=== Section Start ===
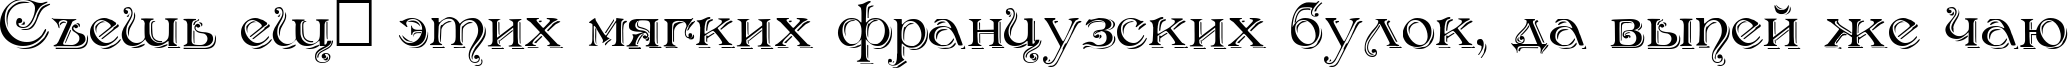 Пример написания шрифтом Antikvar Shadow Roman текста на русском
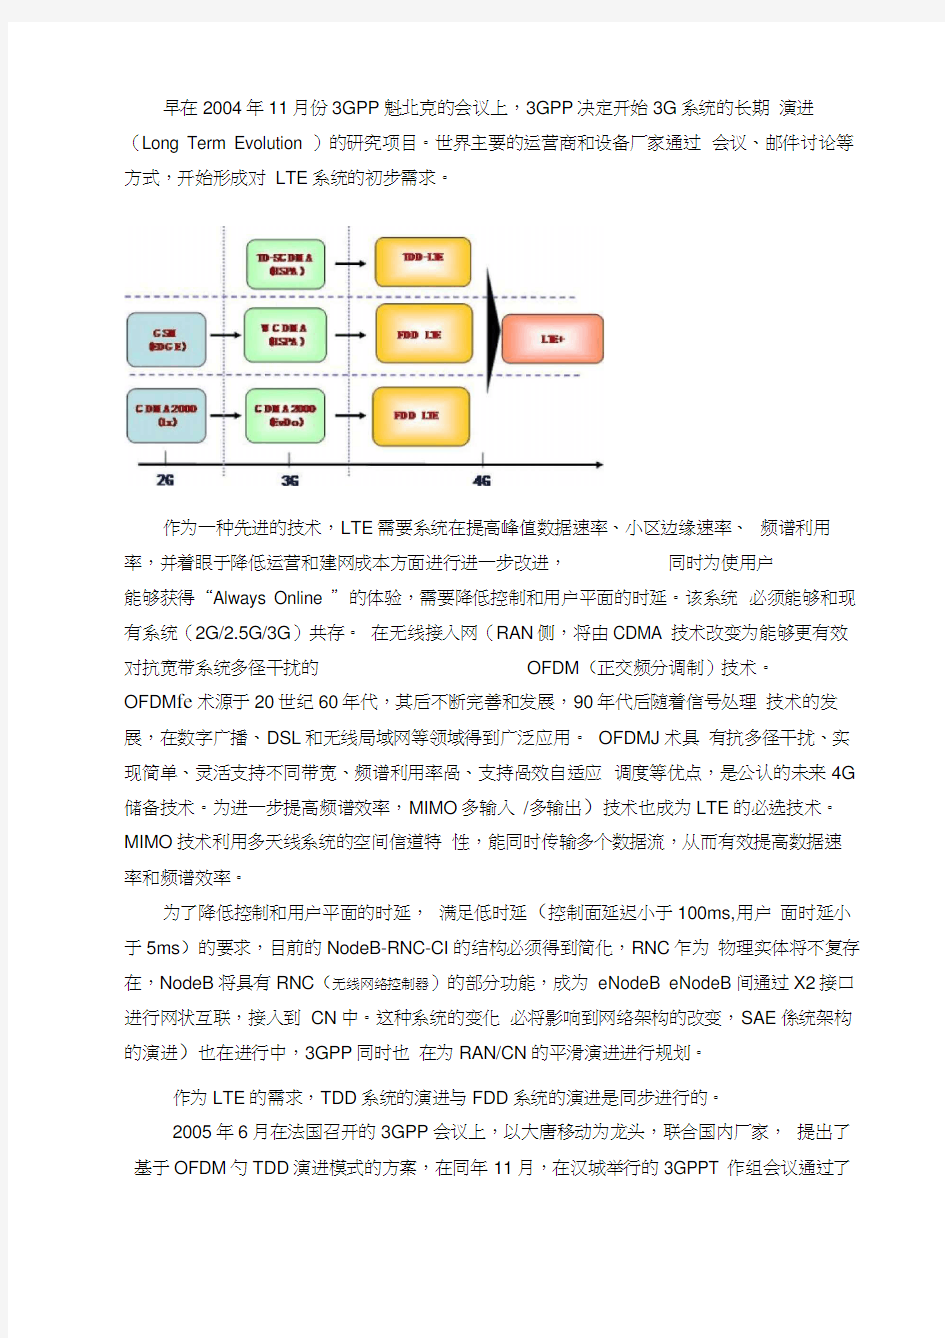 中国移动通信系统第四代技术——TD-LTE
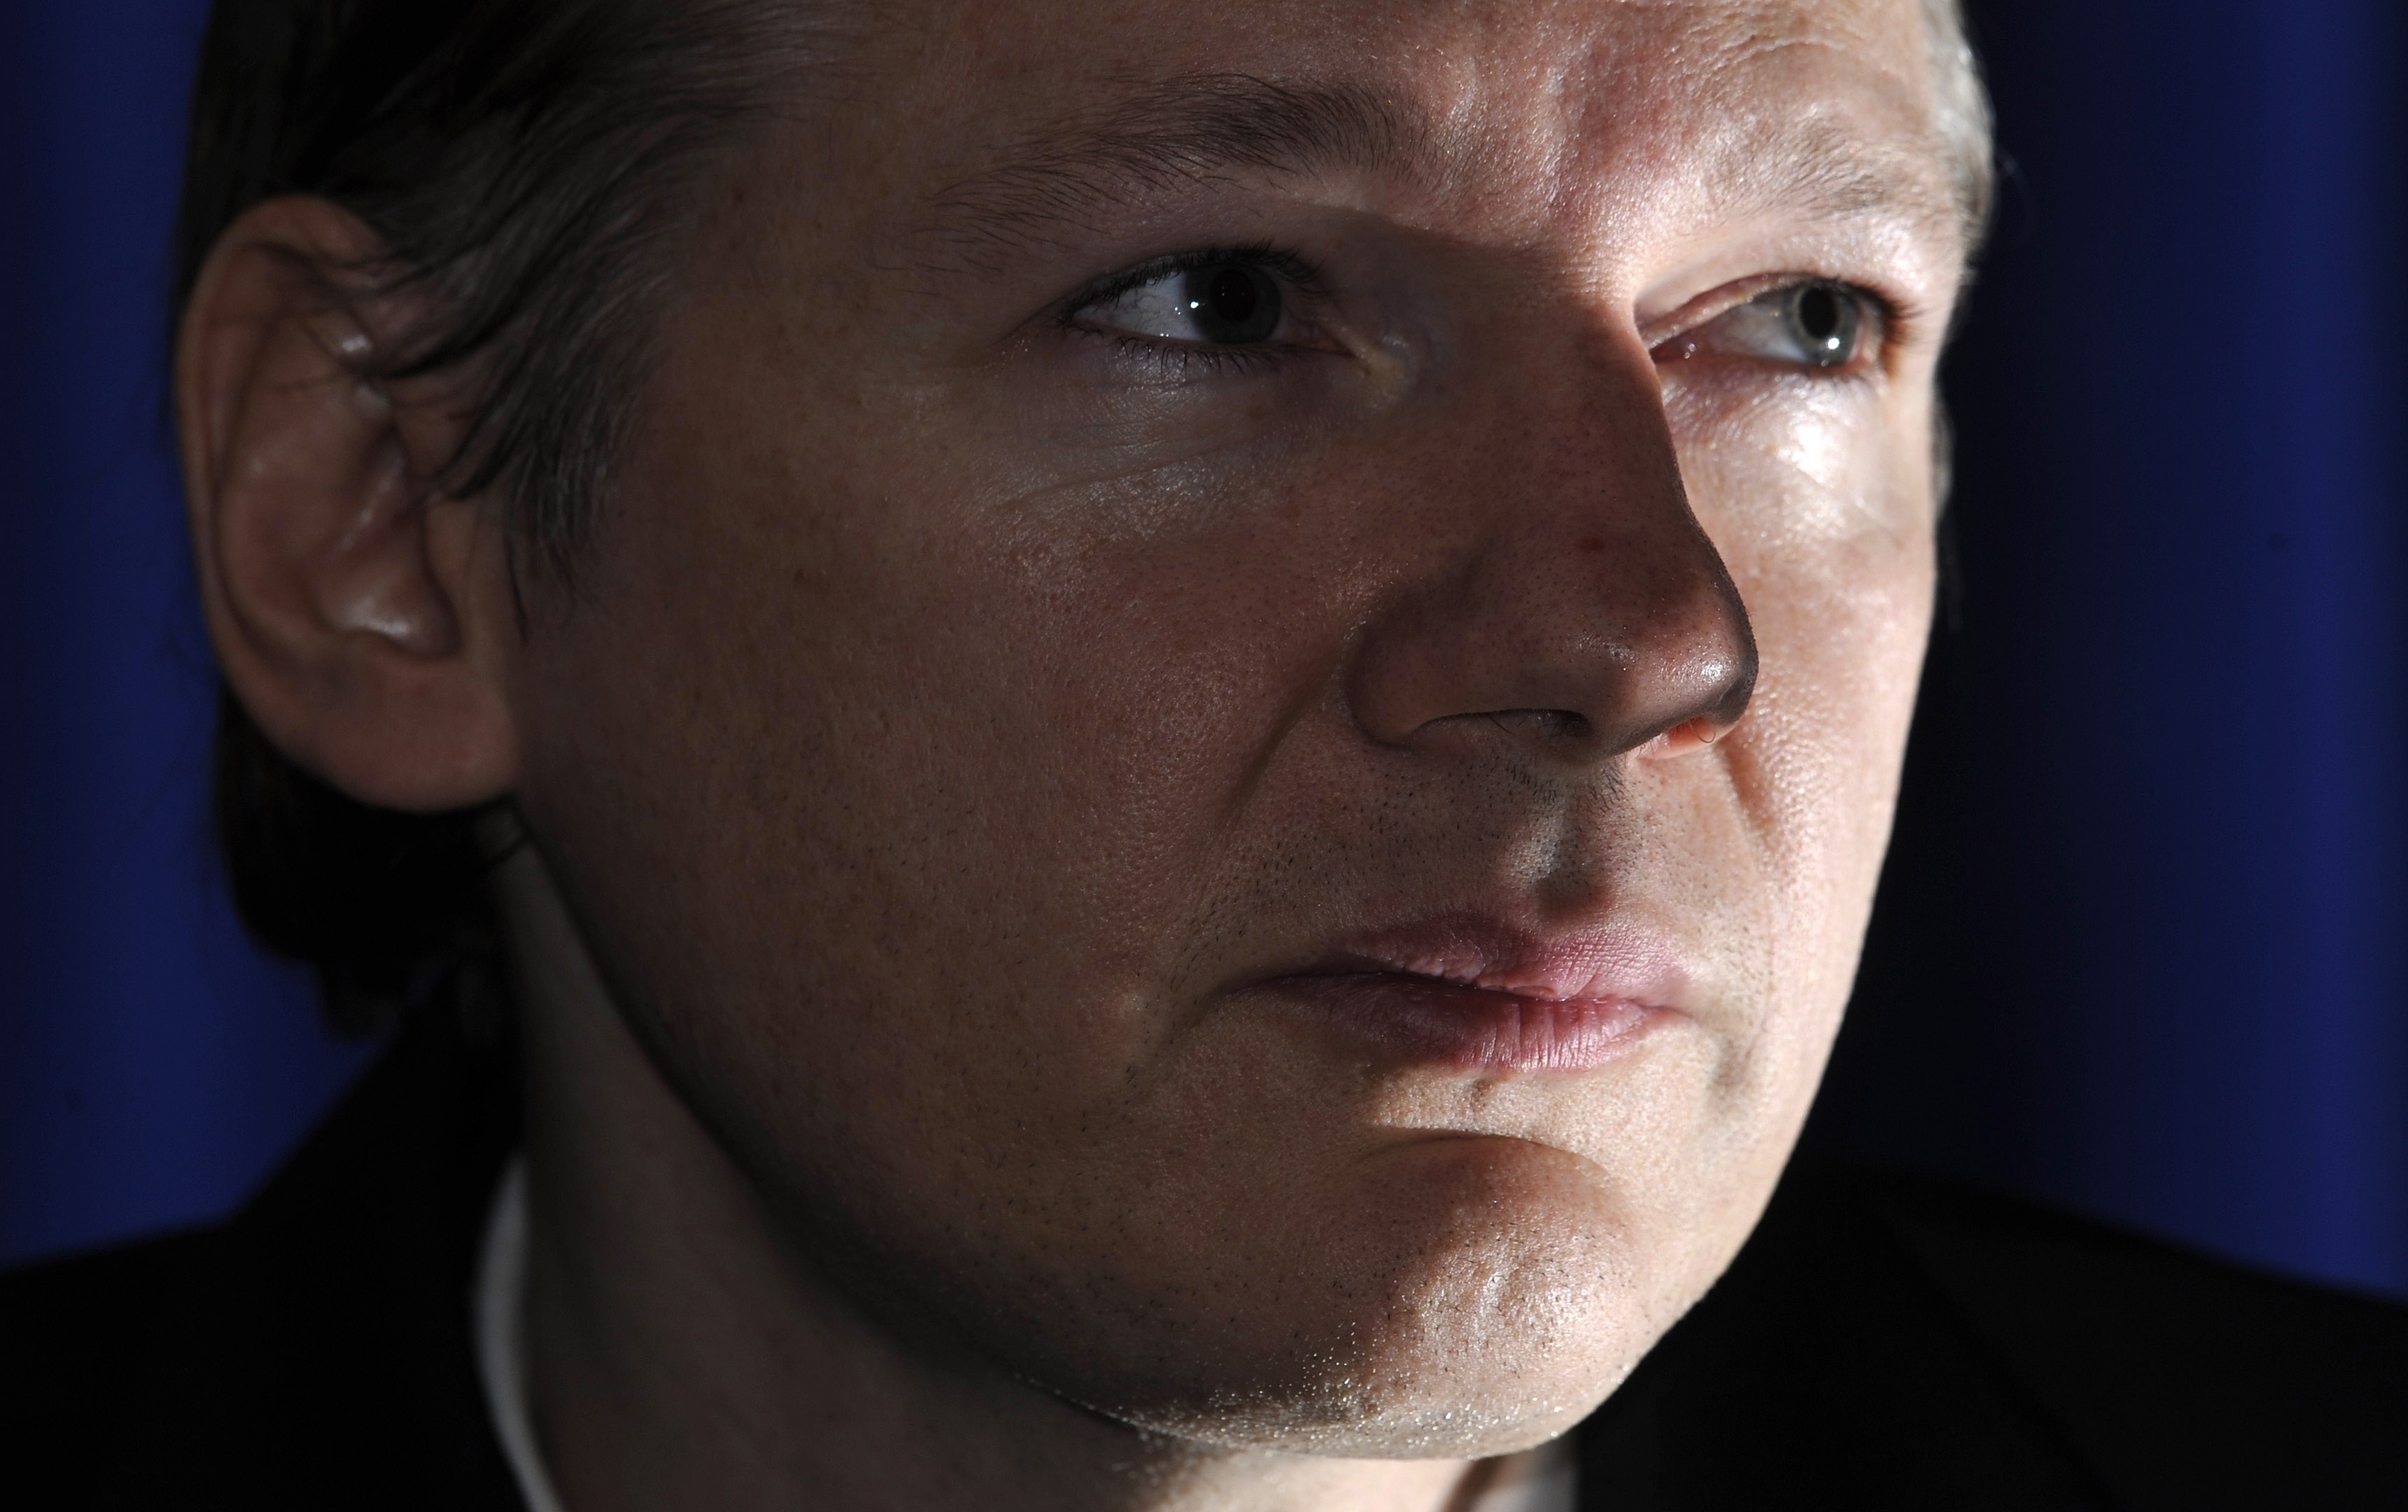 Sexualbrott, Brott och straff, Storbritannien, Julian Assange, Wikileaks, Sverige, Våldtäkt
=== Section End ===
- EXERCISE DESCRIPTION -
A word-for-word copy of the listing is needed, with no pictures in it.

- ANSWER BOX -
 Пример написания шрифтом Antikvar Shadow Roman текста на русском
 中国移动通信系统第四代技术——TD-LTE
 Sexualbrott, Brott och straff, Storbritannien, Julian Assange, Wikileaks, Sverige, Våldtäkt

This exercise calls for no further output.